> DATA BELOW
┌──

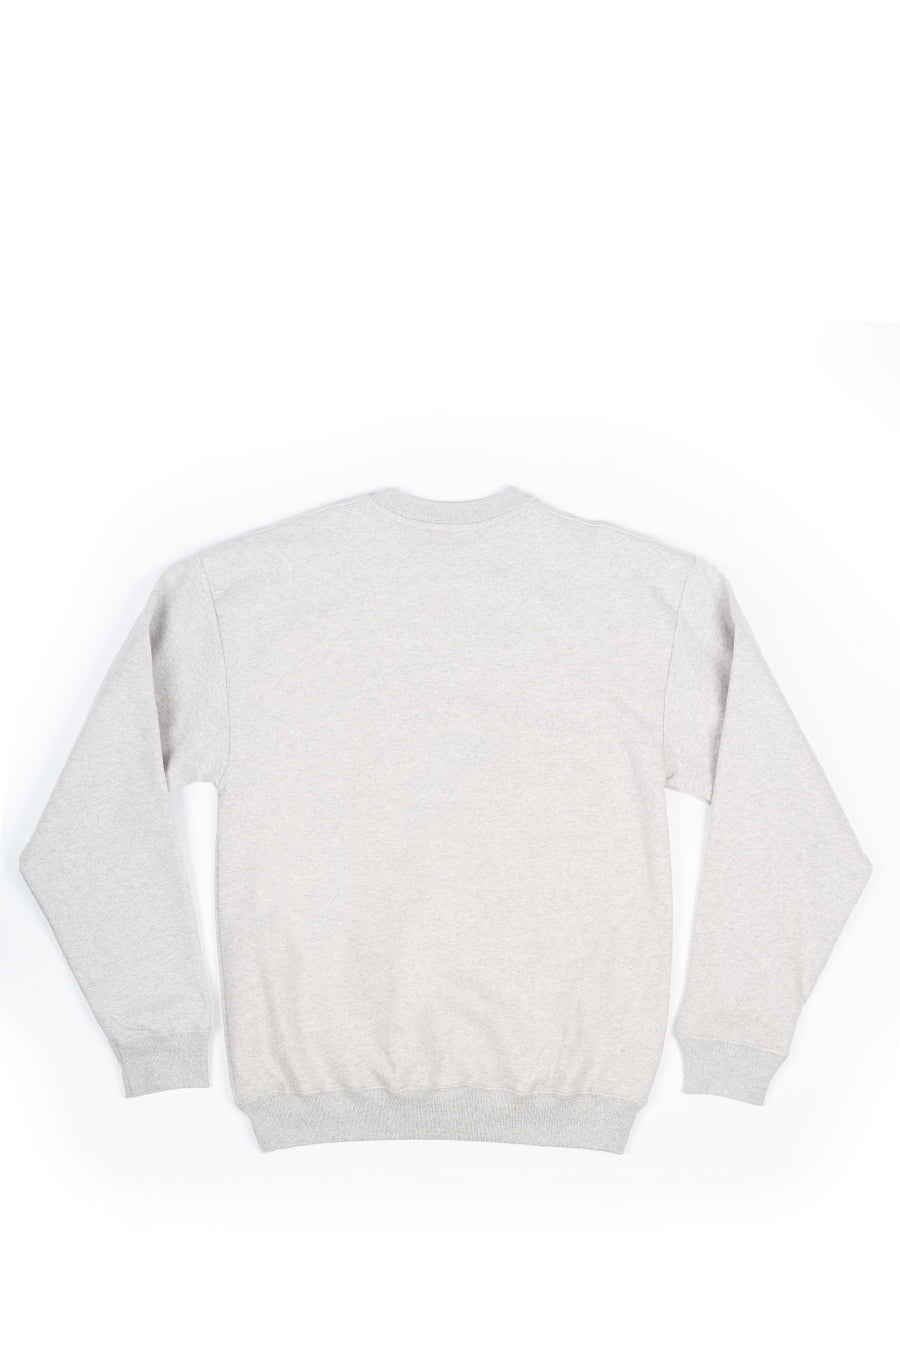 SPORTY AND RICH SCIENCE OF GOOD HEALTH CREWNECK HEATHER GRAY
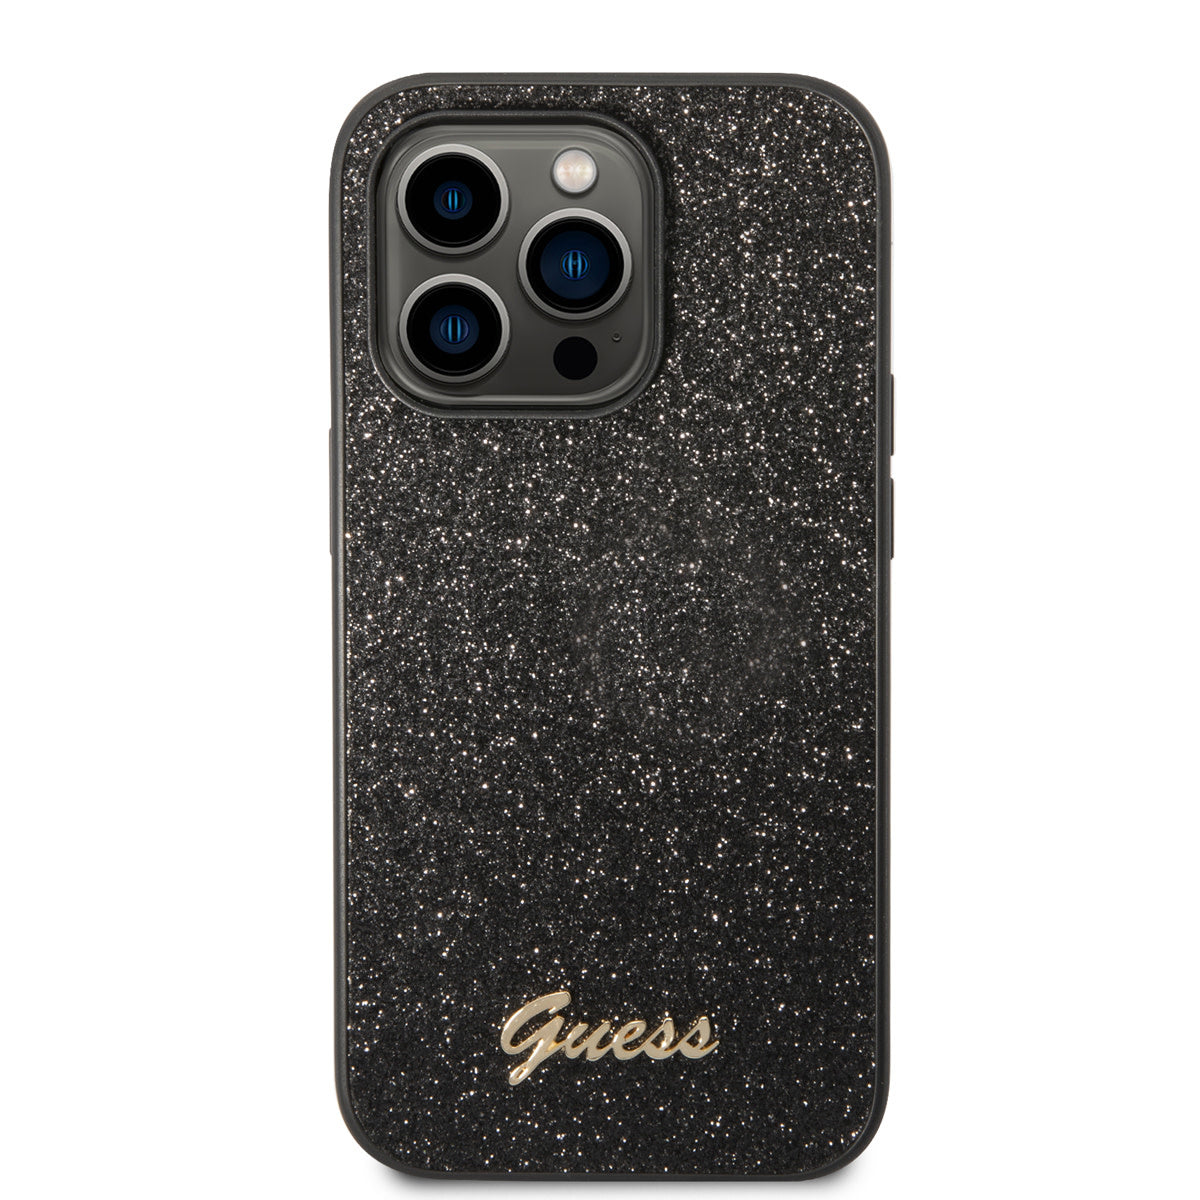 Guess iPhone 14 Pro Max Backcover - Glitter Collectie - Zwart
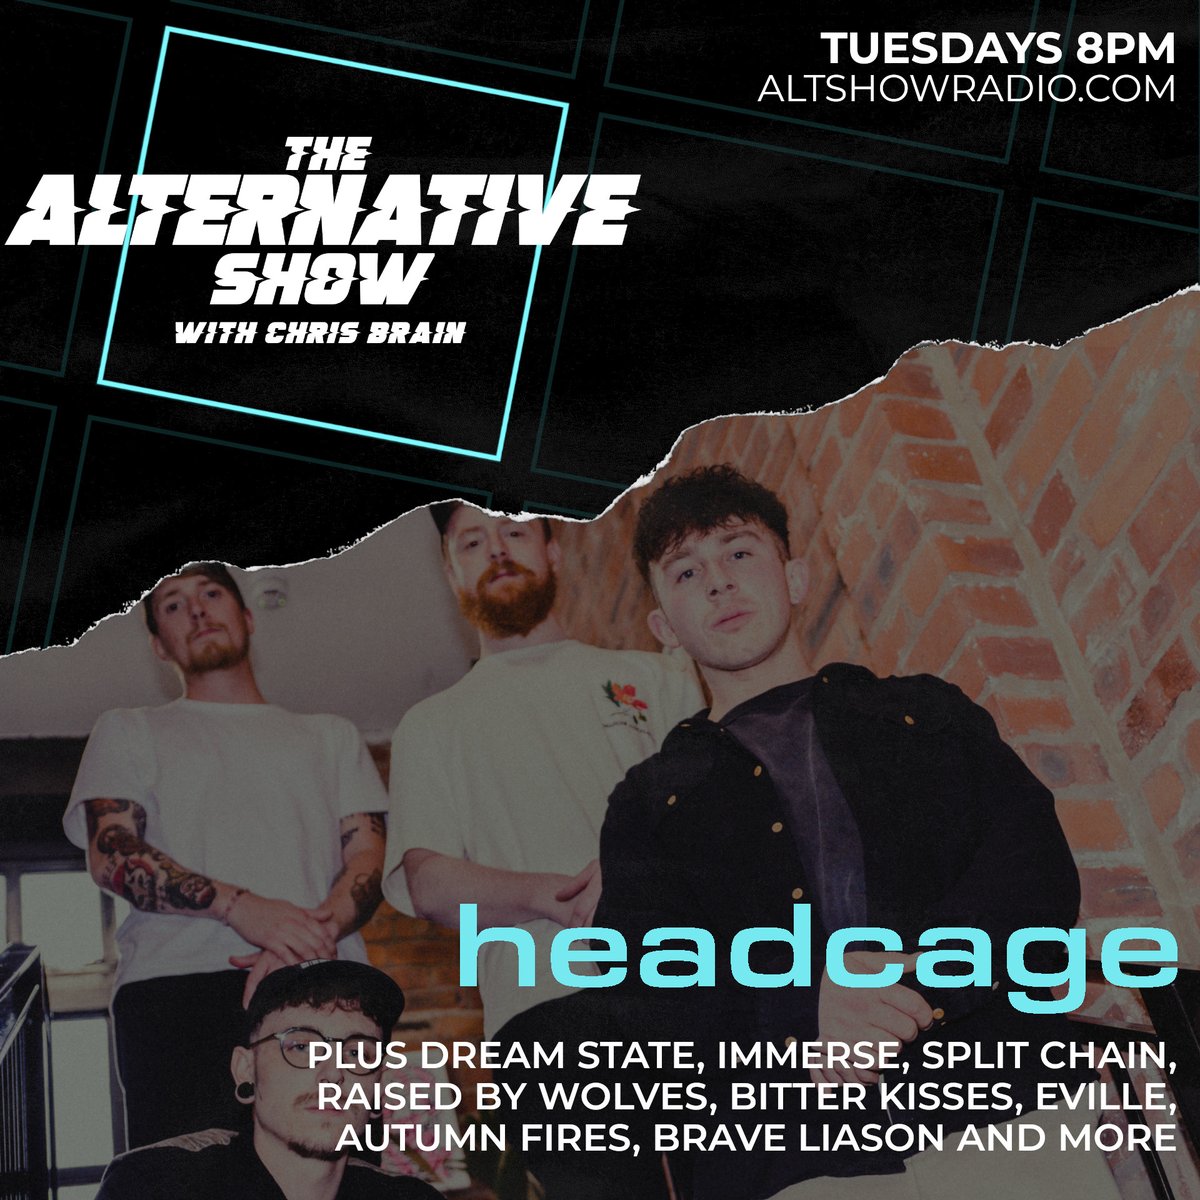 💥TUESDAY 8PM ALTSHOWRADIO.COM💥 On this weeks show I am joined by @headcageuk to chat about their debut EP, this weeks 🔥 HOTTEST TRACK 🔥 from @DreamStateUK music from from @splitchainband @RbwUK @bitterkissesuk @EvilleBand @AutumnFiresUK @BRAVELIAISON and LOADS more!

└──

Write out exactly the lines above, from the very first through the line containing "Guess iPhone 14", both kept, with the pictures removed.

 SPORTY AND RICH SCIENCE OF GOOD HEALTH CREWNECK HEATHER GRAY
 Guess iPhone 14 Pro Max Backcover - Glitter Collectie - Zwart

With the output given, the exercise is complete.